Eight patients with early onset auto-immunity from seven unrelated were studied. We performed exome analysis and confirmed variant with targeted Sanger sequencing. X-linked DOCK11 variants were predicted deleterious. We evaluated CDC42 activity in patient platelets and their platelet functions. We studied actin cytoskeleton rearrangements of platelets, activated T cells and B lymphoblastoid cell lines (B-LCL). We performed knockdown DOCK11 model on monocytes-derived dendritic cells to evaluate DOCK11 pathological function.

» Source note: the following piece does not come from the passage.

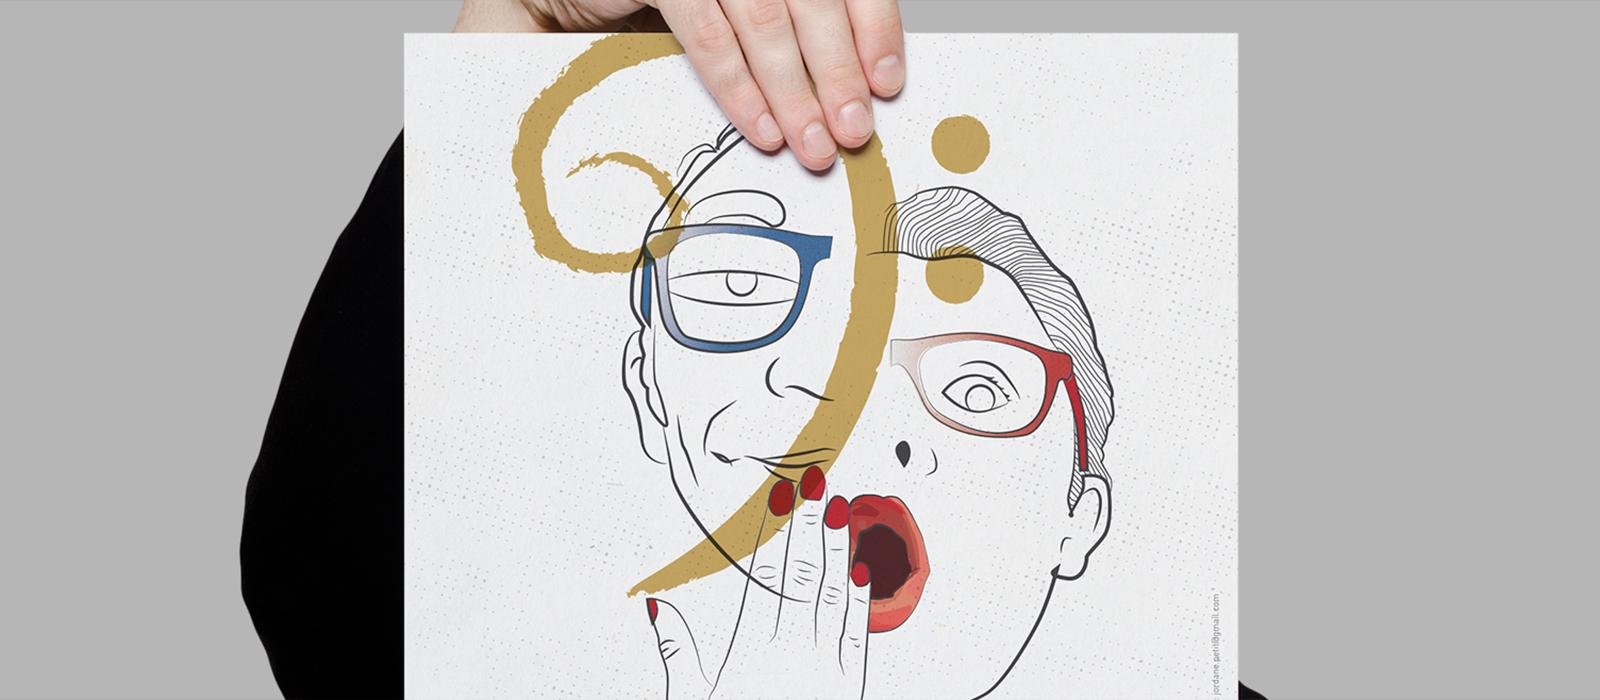 Affiche réalisée pour le spectacle Reetmic.fr

We identified hemizygous missense mutations of DOCK11 gene in patients with early onset auto-immunity including cytopenia, SLE, skin and digestive manifestations. Patients presented a reduced DOCK11 protein expression in their activated T cells and platelets. CDC42 activity was impaired in patient platelets upon activation. Platelet and T cell spreading were abnormal. Patient activated T cells have increased migration speed in confined channels concomitant with
impaired polarization of actin polymerization. MDDc with DOCK11 knockdown had aberrant podosomes.

DOCK11 deficiency is a new X-linked immune actinopathy leading to abnormal actin cytoskeleton remodeling, with impaired CDC42 activity and immune dysregulation.